Version microsoft/oms:ciprod03022020 Version mcr.microsoft.com/azuremonitor/containerinsights/ciprod:ciprod03022020
- Collection of GPU metrics as InsightsMetrics
- Enable config map settings to enable collection of 'Normal' kube events
- Fix kubehealth exceptions to handle empty/nil kube api responses
- Get resource limits for health and MDM from kubelet instead of kube api
- Bug fix for windows node image collection where image name contains multiple slashes
- Exclude ARO master node for data collection
- Telemetry for kube events flushed
- Changes to support msi for mdm if service principal doesnt exist
- Changes for AKS telemetry to ping ods endpoint first and then network check
- KubeEvents bug fix for KubeEvent type
- Providing capability for customers to collect 'Normal' kube events using config map
- Metrics for GPU are collected and ingested to customers workspace if they have GPU enabled nodes
- Bug fix for windows container image collection allows customers to get the right data in the ContainerInventory table for windows containers.

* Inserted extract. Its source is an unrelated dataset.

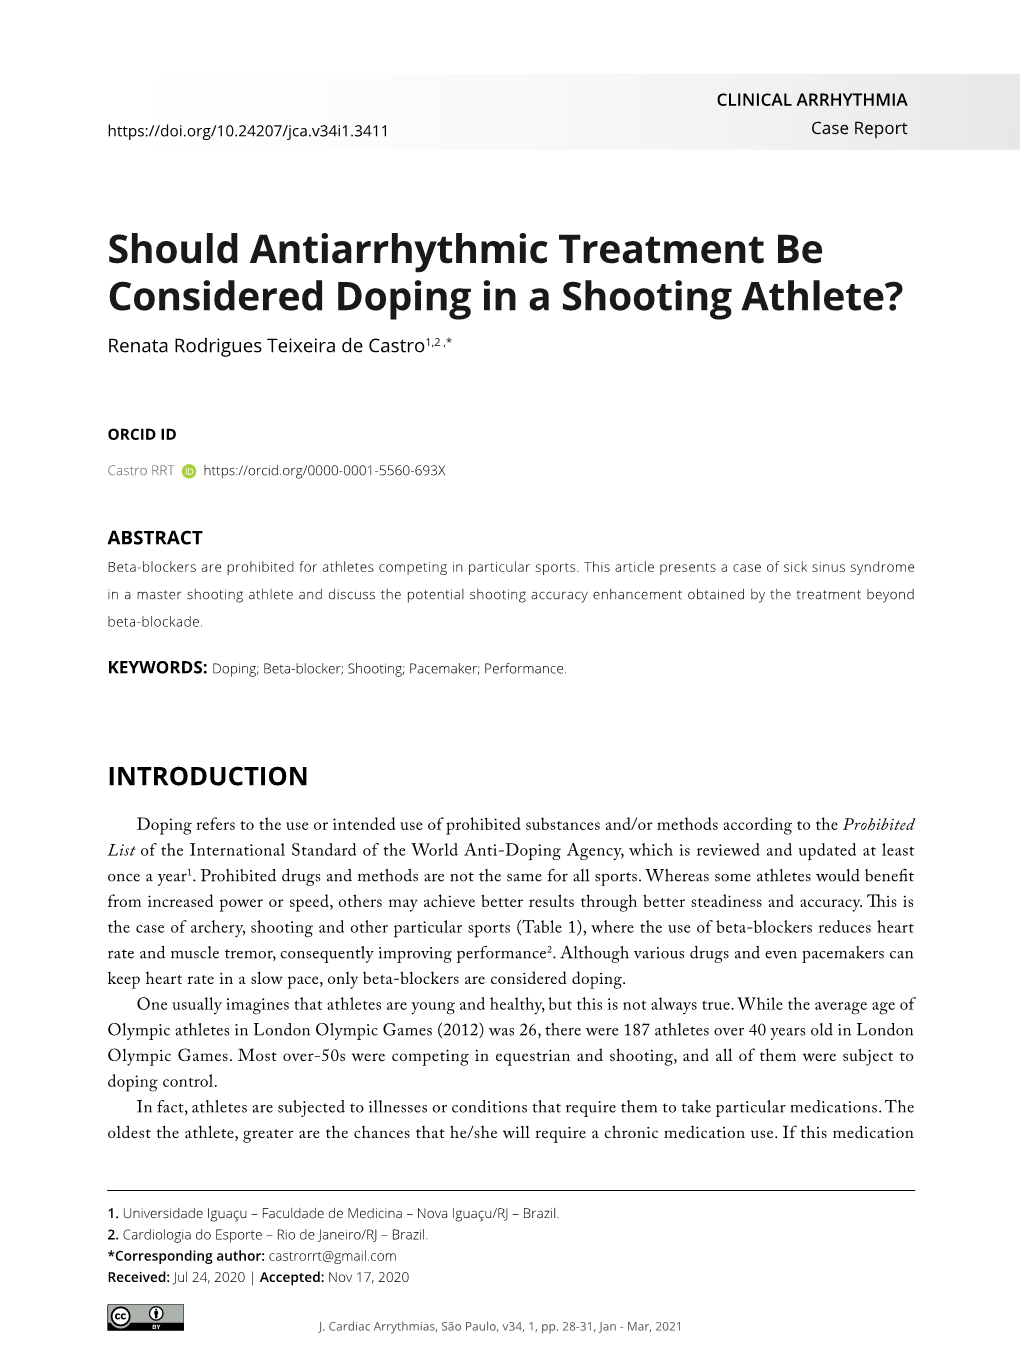 Should Antiarrhythmic Treatment Be Considered Doping in a Shooting Athlete? Renata Rodrigues Teixeira De Castro1,2 ,*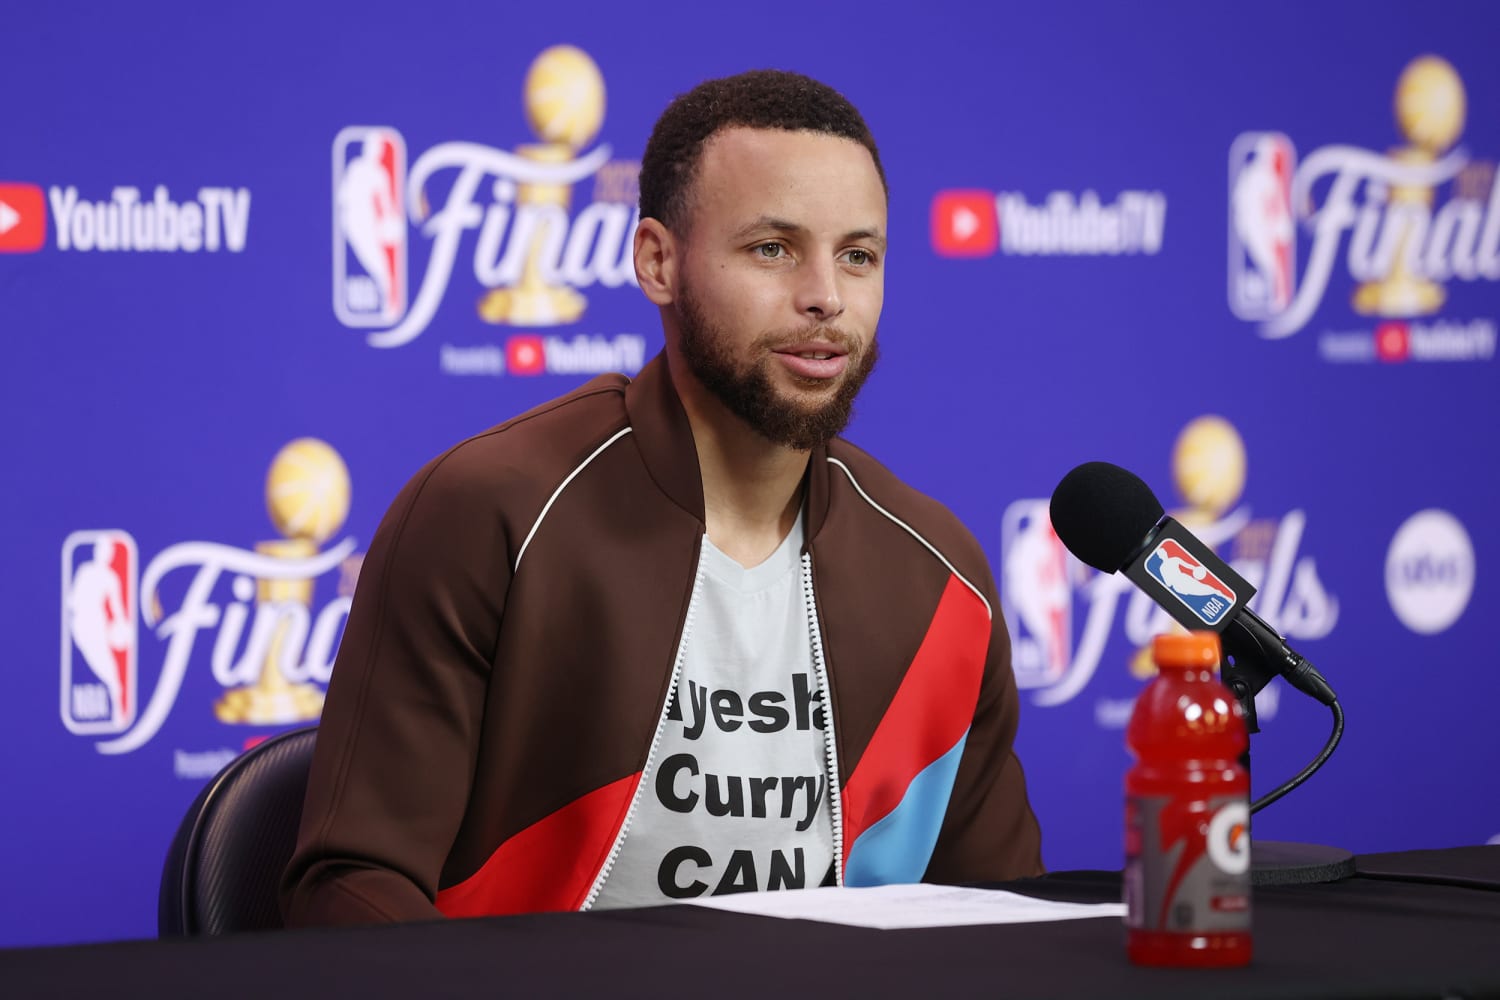 Steph Curry hilariously mocks reporters who said he'd win 'zero' titles

Version microsoft/oms:ciprod01072020 Version mcr.microsoft.com/azuremonitor/containerinsights/ciprod:ciprod01072020
- Switch between 10255(old) and 10250(new) ports for cadvisor for older and newer versions of kubernetes
- Node cpu, node memory, container cpu and container memory metrics were obtained earlier by querying kubelet readonly port(http://$NODE_IP:10255). Agent now supports getting these metrics from kubelet port(https://$NODE_IP:10250) as well. During the agent startup, it checks for connectivity to kubelet port(https://$NODE_IP:10250), and if it fails the metrics source is defaulted to readonly port(http://$NODE_IP:10255).
Version microsoft/oms:ciprod12042019 Version mcr.microsoft.com/azuremonitor/containerinsights/ciprod:ciprod12042019
- Fix scheduler for all input plugins
- Fix liveness probe
- Reduce chunk sizes for all fluentD buffers to support larger clusters (nodes & pods)
- Chunk Kubernetes API calls (pods,nodes,events)
- Use HTTP.start instead of HTTP.new
- Merge KubePerf into KubePods & KubeNodes
- Merge KubeServices into KubePod
- Use stream based yajl for JSON parsing
- Health - Query only kube-system pods
- Health - Use keep_if instead of select
- Container log enrichment (turned OFF by default for ContainerName & ContainerImage)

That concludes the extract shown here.